Nanopores have been proved to be promising analytical platforms for label-free single-molecule biosensing. However, the practical application of nanopores, such as early stage diagnosis tools or the DNA sequencing tools, is restricted by several functional defects. The main aim of this work is to explore multiple approaches to improve the sensitivity and selectivity of a nanopipette based nanopore sensing, by a combination of field-effect transistors or molecular carriers.
In the first part of the thesis, a new class of nanoscale sensors – dubbed a nanopore extended field-effect transistor (nexFET) – is fabricated to control and selectively sense the biomolecules. Through real-time feedback controlling electrodeposition, a tuneable polypyrrole nanopore can be formed on a carbon-coated double-barrel nanopipette tip with one barrel filled with carbon nanoelectrodes. The generated nexFET displays outstanding FET performance and pH sensitivity. Combining the advantages of nanopore single-molecule sensing, field-effect transistors, and recognition chemistry, the nexFETs are subsequently employed to probe DNA and protein molecules. By controlling the gate voltage of the nexFET, the transport of DNA can be improved comprehensively; for example, a higher throughput, a longer dwell time, and a higher signal-to-noise ratio can be achieved. The selectivity of the nexFET can be further improved by functionalising with embedded receptors.

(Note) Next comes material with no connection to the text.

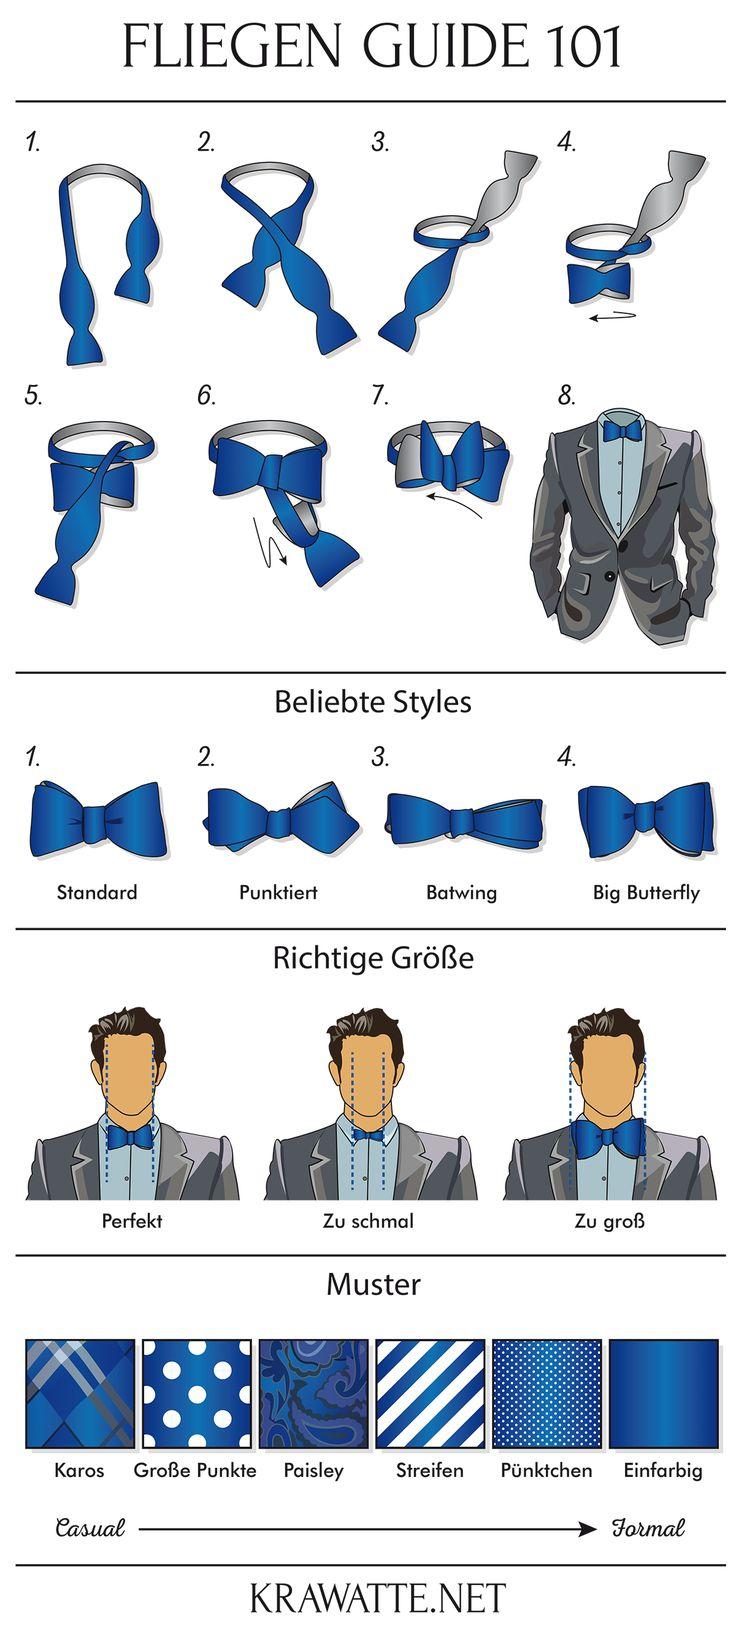 Unser Fliegen Guide 101 für die perfekte Schleife. Mehr Infos auf unserem Blog: https://www.krawatte.net/Herrenmode-Blog/fliege-zum-anzug-tragen-101-guide/

Attention is then focussed to explore novel strategies for selective biomolecular sensing using nanopipettes, and molecular carriers and probes. Here, I design probes based on the dimerisation of gold nanoparticles (NP), which can be used for the detection of biological targets. Two strategies are employed: 1) aptamer-modified NP dimers are used to target biomarkers, and 2) antibody-modified NP monomers dimerise and self-assemble based on the binding of an antigen target. Importantly, we demonstrate that nanopore sensing can be utilised with both strategies to quantify bound analytes from unbound ones and, in the process, perform single-molecule binding assays.
In summary, multiple approaches including functionalised nanopores, novel molecular carriers, and novel molecular probes were designed and developed. As they can address various limitations of nanopore-based biosensors, these improved methods are expected to pave the way for the practical application of nanopores in early diagnostics and therapeutics.